The International Monetary Fund speaks and Wall Street in its confusion listens.
Here's a quote from today's front page Wall Street Journal.
Stocks tumbled on escalating concerns about
global growth prospects, especially in Europe, as new data showed
deepening stresses in the continent’s economy and remarks from a leading
policy maker highlighted the lack of consensus in dealing with the
slowdown.
The Dow Jones Industrial
Average slid nearly 273 points, or 1.6%, its worst daily decline since
July and fourth-biggest point drop of the year. The slump in U.S. share
prices followed big losses in German, French and U.K. stock markets.
Long known for its harsh austerity leanings, the IMF for years made loans to strapped countries many believe with conditions as strict as those repayment reparation liens on Germany following WWI many again believe led in part to WWII.
According to today's Financial Times, the IMF claims "there is an almost 40 per cent chance of a eurozone recession in the next six months, and downgraded other countries outside North America."
That the IMF is now calling for monetary stimulus should strike you as strange and it just might be a clear signal the economic bottom is in.
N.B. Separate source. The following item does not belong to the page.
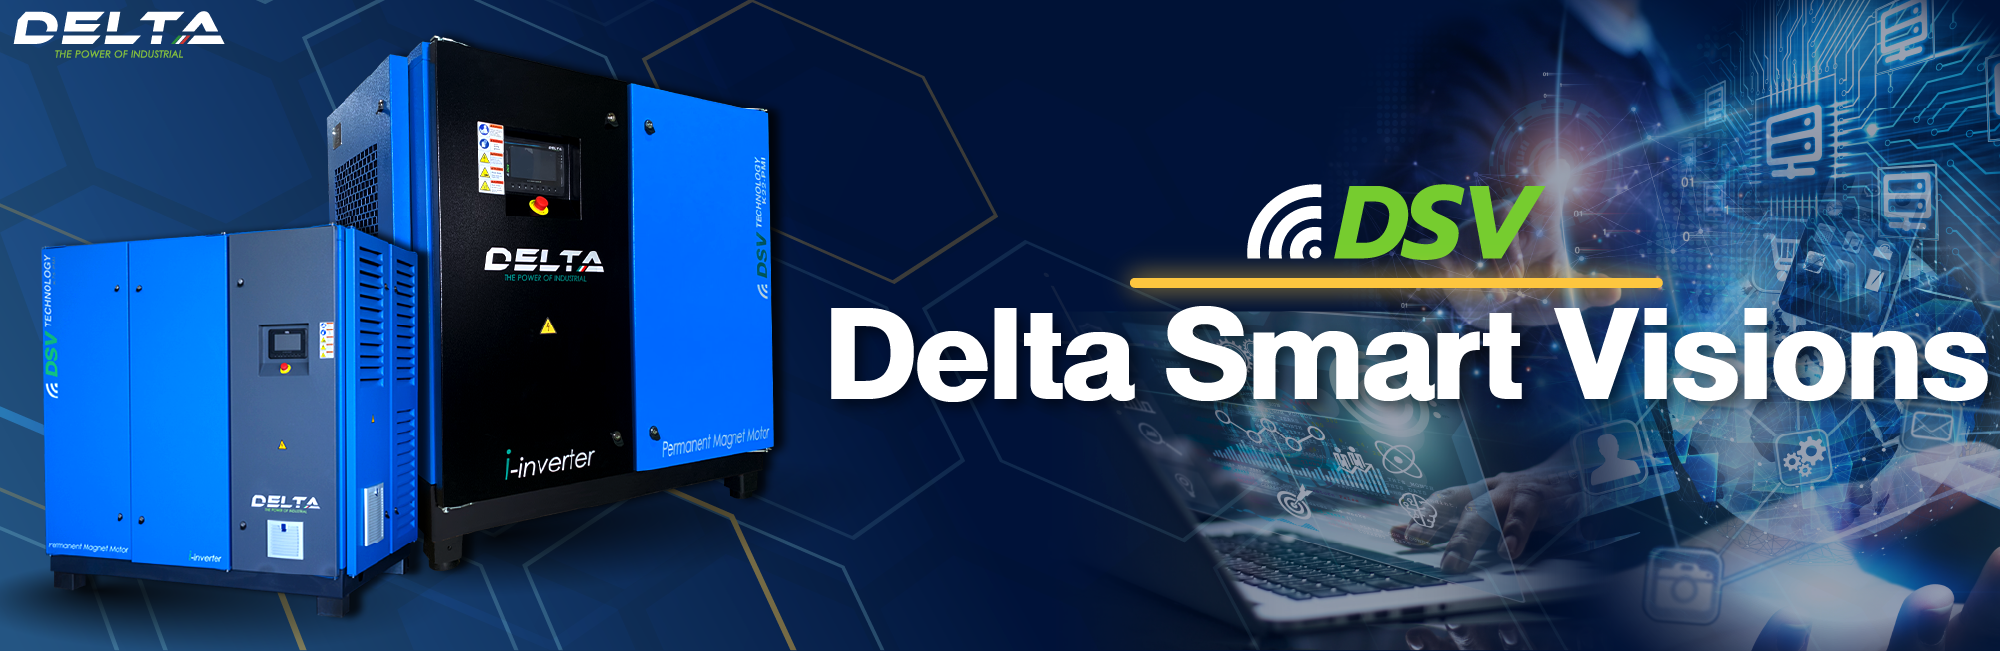 ปั๊มลมเดลต้า DSV delta smart visions

This bureaucratic outfit's had to change its forecasts more often than someone with a bad case of IBS changes underwear.
Much of this doom and gloom stuff over shadows another drag on things. Bureaucrat-laden places like Brussels and Washington have declared open season on alleged corporate and state wrong doers, "EU's Amazon probe steps up pressure over tax deals," reads another Times headline.
There are two ways to treat over burdensome taxes, tax avoidance and evasion. Until recently only evasion was illegal.
The political climate in Brussels--and across Europeans capitals--has hardened towards US companies in recent months, especially in the technology sector.
The decision to probe such tax rulings is not just putting the spotlight on individual companies. By targeting governments alleged to have facilitated corporate tax avoidance, iths opened up another front in the global battle against tax avoidance.
To even the most insensitive nose this has more the smell of money to it than illegality. Toss in the not so small payback motive for how a greedy band of Washington regulators treated certain European banks. And going after U.S. technology is no accident, either.
Basic translation: Governments are desperate and broke.